People are impatiently checking their phones, cocking their heads and standing on their tip-toes to see why the line isn't moving. Funny, because the Global Entry line is already one-tenth the wait of the regular line, but human nature is such that we always want to optimize further.
As I am standing there, a Delta pilot finished at one of the machines with his paper and I let him cut. I am holding a saxophone case and he turns around and says, "is that an instrument?"
"Saxophone"
"I played when I was a kid ... it's tough."
I said, "well if it were easy everyone would do it probably."
He asked if I was in a band and I said I traveled with one.
"ahh that's cool."
I said, "the shows are fun, the travel is hard."
He laughed.

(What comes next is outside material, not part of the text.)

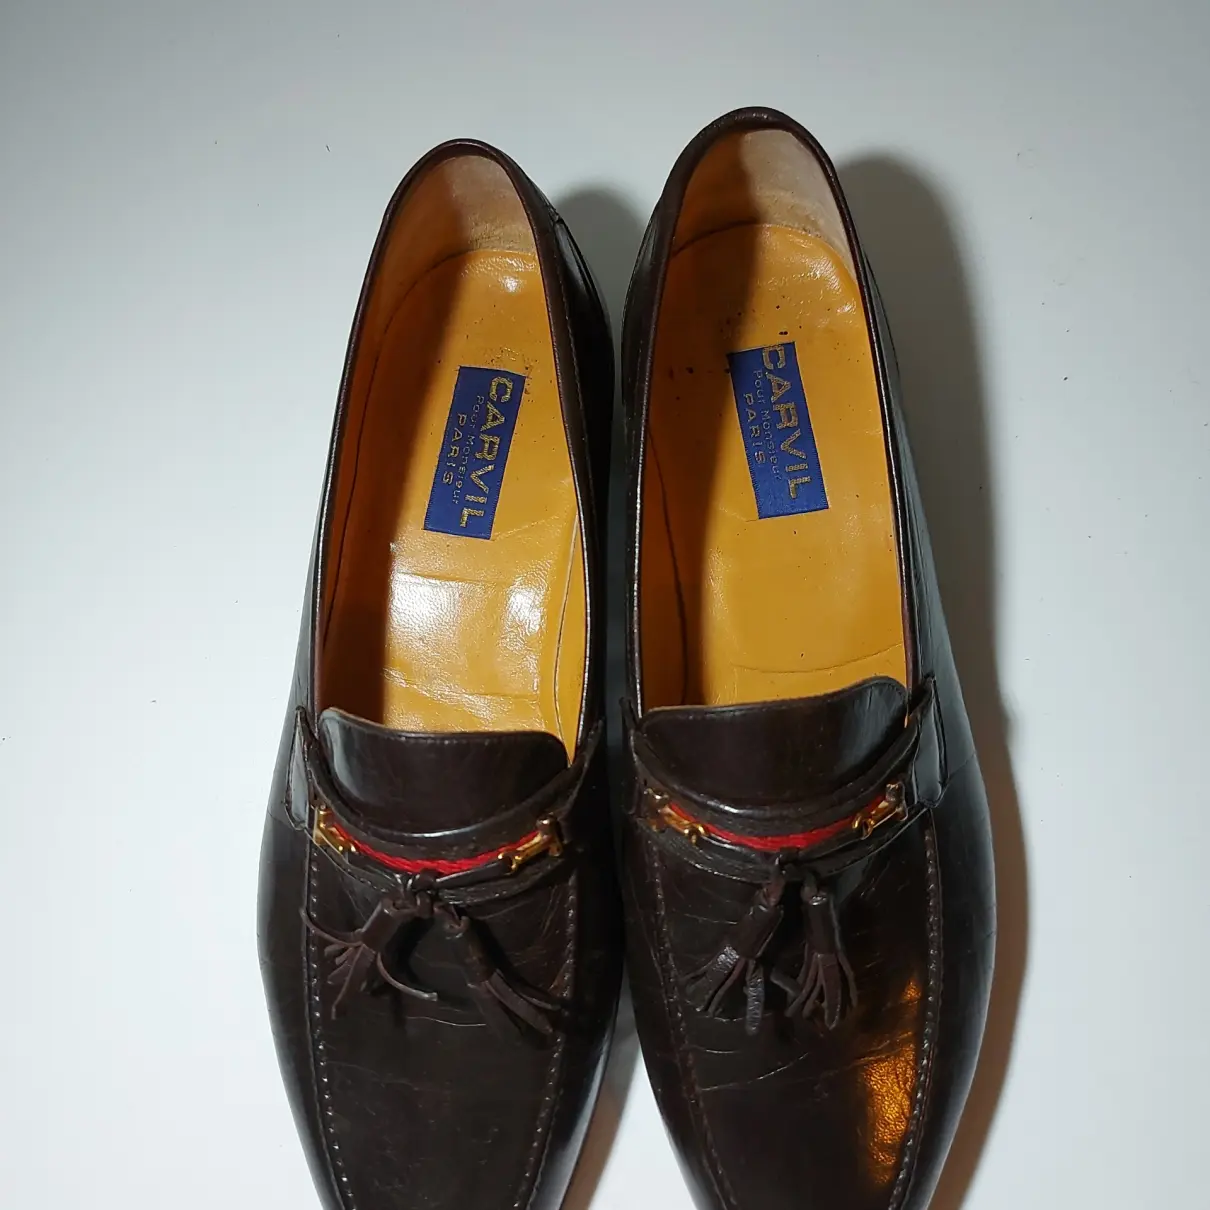 Buy Carvil Leather flats online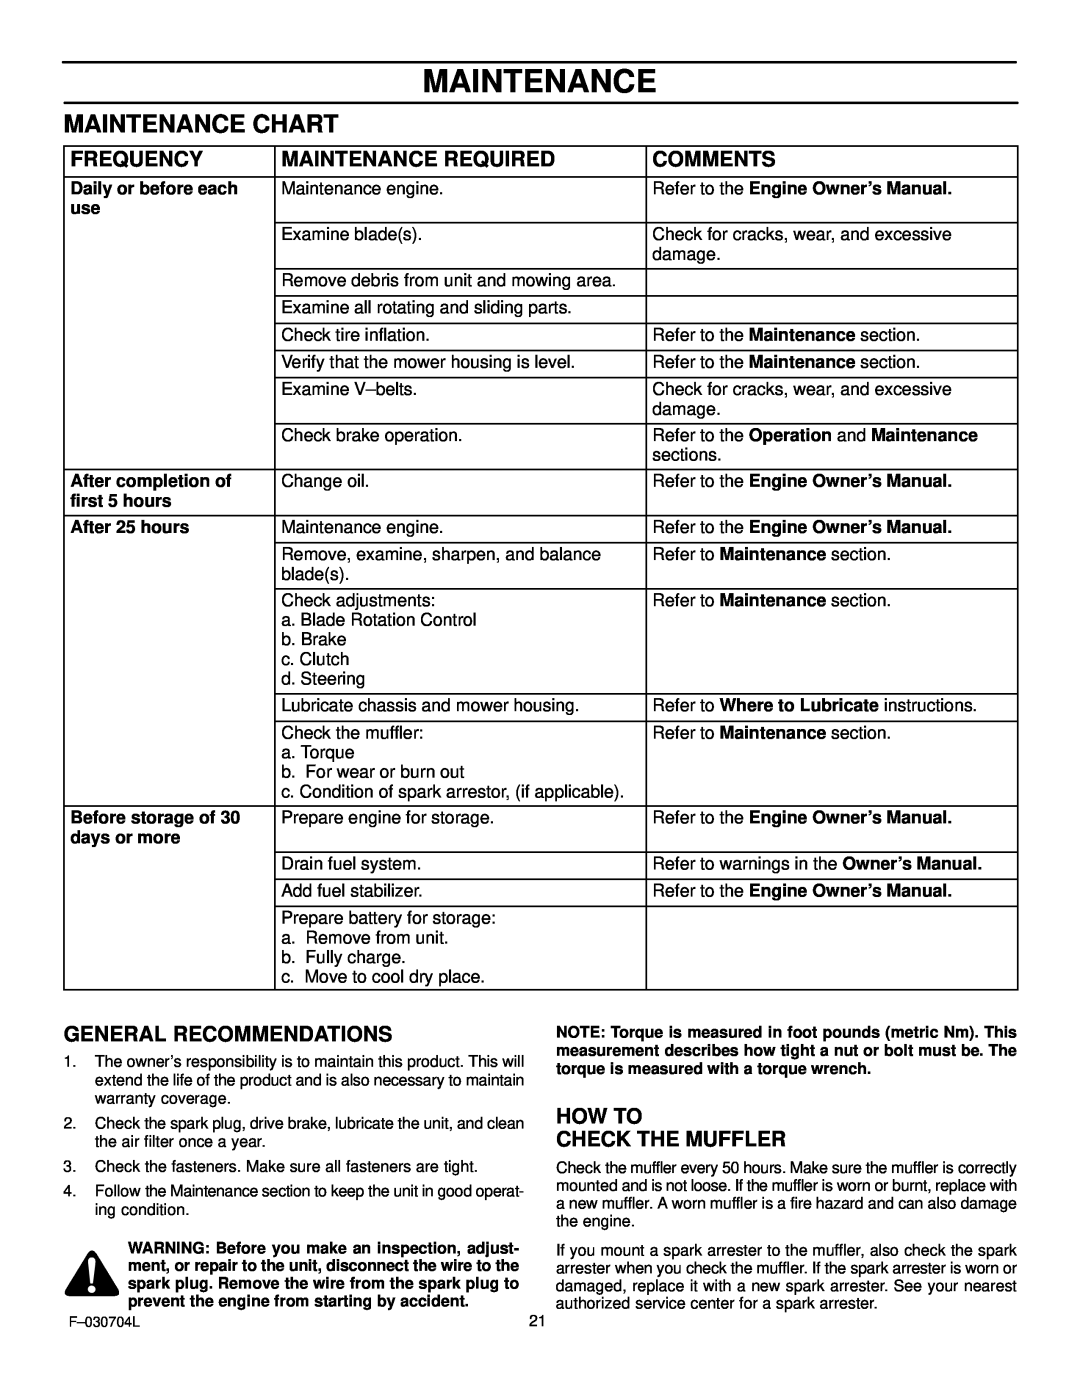 Murray 425303x92B manual Maintenance Chart, Frequency, Maintenance Required, Comments, General Recommendations

He is a pilot, so he knows a thing or two about travel.
I said, "we do the shows for free, we get paid to travel. Probably the same as you ... you'll fly the planes for free, the hard part is the travel."
He laughed again and then the line opened and we went through.
In my mind, the nonsense of being a pilot is the security lines, shuttles, hotel check-ins, continental breakfasts, etc. Getting to the cockpit where he can sit behind the controls and flip the switches is the fun part.
We do the shows for free, we get paid to travel. Pilots fly the planes for free, they get paid to travel. Chefs will cook for free, they get paid to manage the kitchen. River guides will raft for free, they get paid to take out tourists. Photographers will shoot for free, they get paid to deal with clients. Etc.
*************************
Julio Cortázar, the Argentinian-born writer, and 1960's Parisian flâneur, had an excerpt from his novel Hopscotch that went:
I do not believe the firefly gets any great satisfaction from the incontrovertible fact that he is one of the most amazing wonders on this circus, and yet one can imagine a consciousness alert enough to understand that every time he lights his belly this light-bearing bug must feel some inkling of privilege.Privilege is key. There are certain parts of certain jobs that are a privilege, that offer an inherent satisfaction that the person is doing something not everyone gets to do. Finding those moments is key. Therein lies the joy of work. You shouldn't try too hard to find them, they come naturally, and if you look too hard you'll miss them.
Imagine flipping the switches of a Boeing 777 before take off, the industrial click. And that feeling in your stomach when the wheels lift off the ground. Just that one second. It's instant, like the glow of a firefly. That's the privilege that makes all the nonsense of travel worth it.